Wednesday, April 27, 2011

Resilience

When you are developing software, one problem you don’t want is for an error to occur but the processing continues until things get completely scrambled. This makes it really hard to track down the ‘where’, ‘when’ and ‘why’ of the initial error.

With that in mind, we often build systems to stop immediately on the first suspicion result. Doing this makes it easy to find the problem and forces you to fix it before it goes into production. It helps in building better quality at a faster pace.

However useful, this is the worst thing for a real production system. If some small piece is broken, you don’t want the whole system grinding to a halt in the middle of the night. That type of extreme reaction will only create a slew of secondary problems, which will result in a lot more time being consumed than necessary. Since time is a scarce resource in IT, we have to use it wisely.

Systems should be resilient. They should continue working were possible. Actions, data, etc. should be atomic, so that ordering or partial completion doesn’t matter. Failures should be monitored, but routed around, to insure that small problems don’t escalate into major issues. Small problems are the norm for most computing environments.

A lot of thinking has gone into our industry. We have concepts like transactions, and the ACID properties that exist to make sure we sub-divide the processing in a way that failures are isolated. We’ve been building fault tolerant systems for decades. Together, this body of knowledge allows organizations like Google to massively distribute their systems in a way that significantly reduces the impact of hardware or software problems. These are well-understood, well-documented issues.

Clearly since we need both types of error handling, the choice of how to handle errors differs depending on the context. A system in development should stop immediately, while one in production should make every effort to keep going. A well-written system also ‘silos’ its functionality so that problems in one area of the system don’t overflow into others.

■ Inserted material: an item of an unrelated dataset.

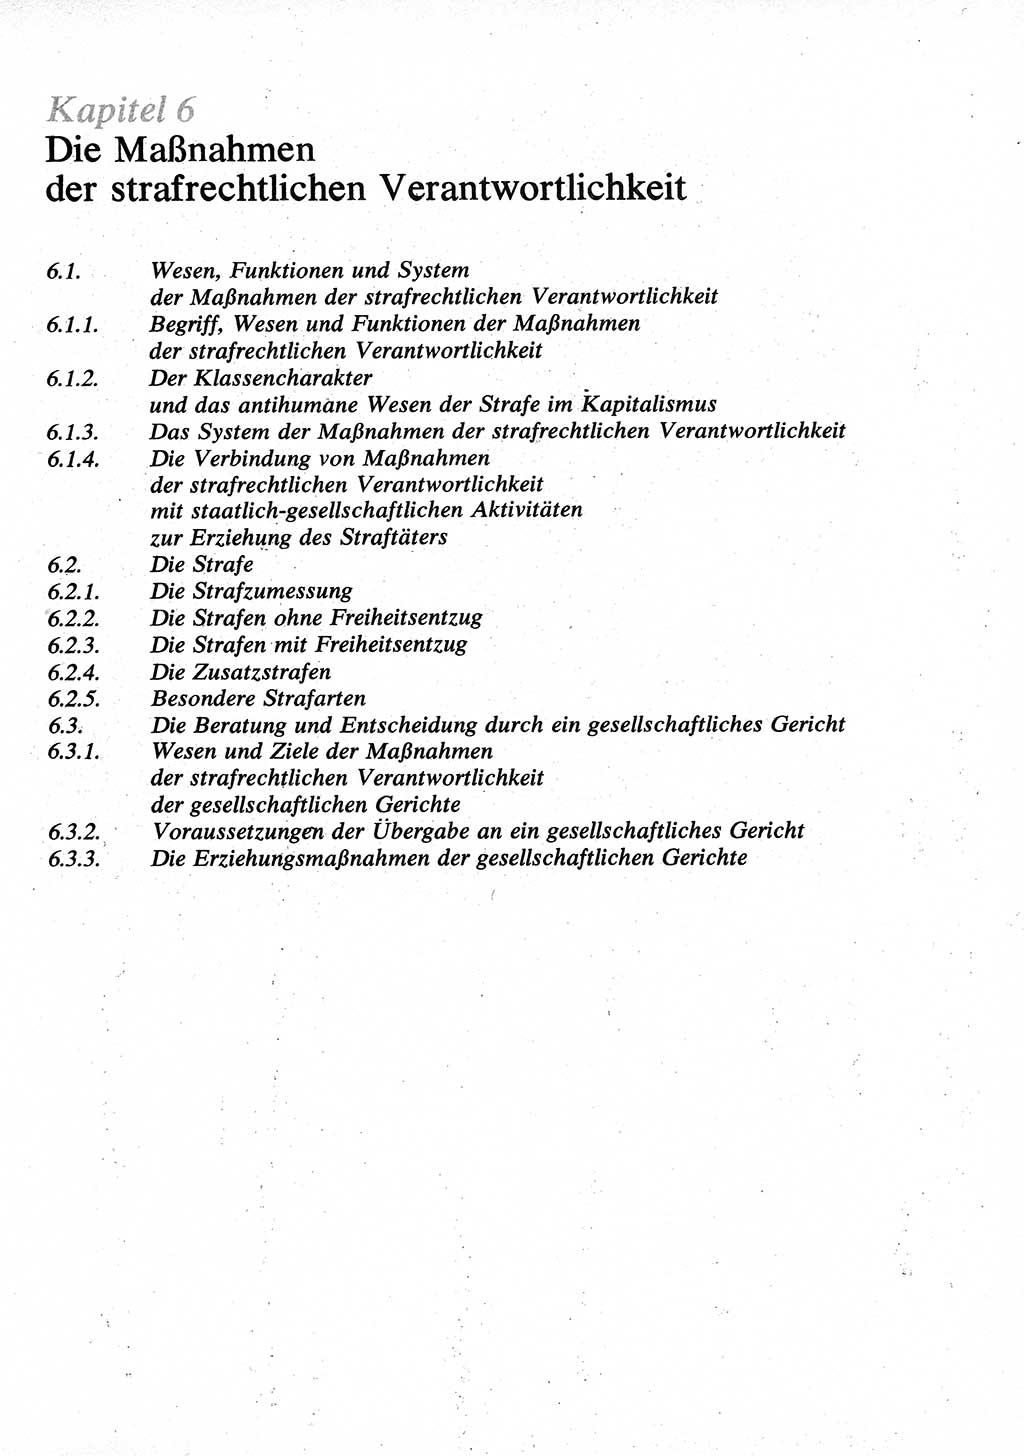 Strafrecht [Deutsche Demokratische Republik (DDR)], Allgemeiner Teil, Lehrbuch 1976, Seite 423 (Strafr. DDR AT Lb. 1976, S. 423)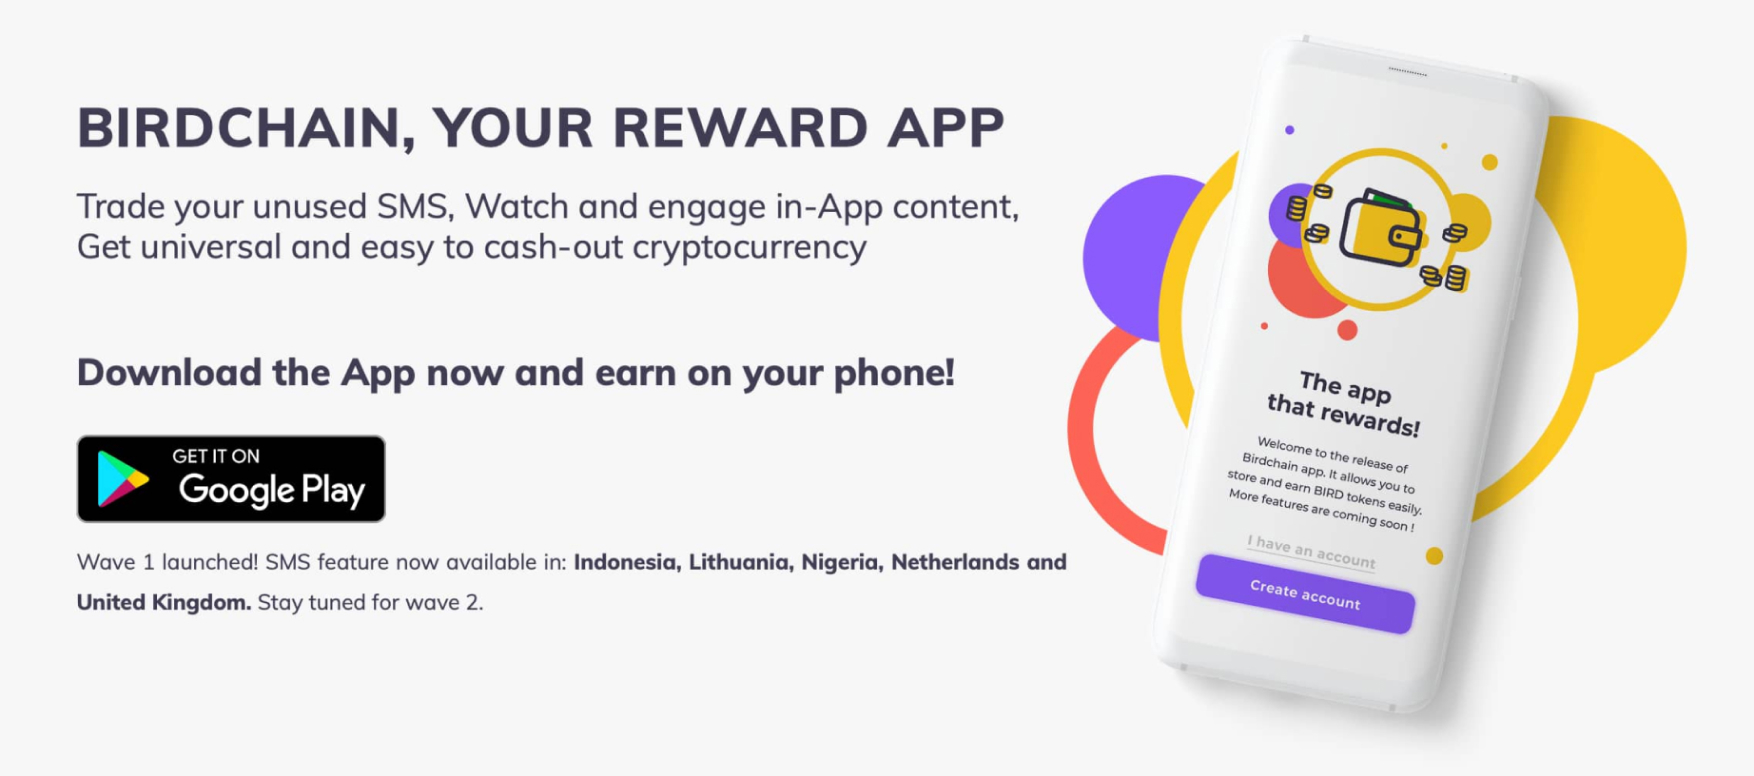 Birdchain, your reward app

All systems should have these two basic modes of operation. This obviously makes coding a little more difficult and adds to the amount of work, but if done well, it can reduce the operational and support efforts. Software always has bugs, so it is important to accept this and build with that in mind. Also, operations personal are users of the system. A well-written system not only makes it easy for the user’s to accomplish their tasks, but it also makes it easy to deploy and keep running. Both goals are important.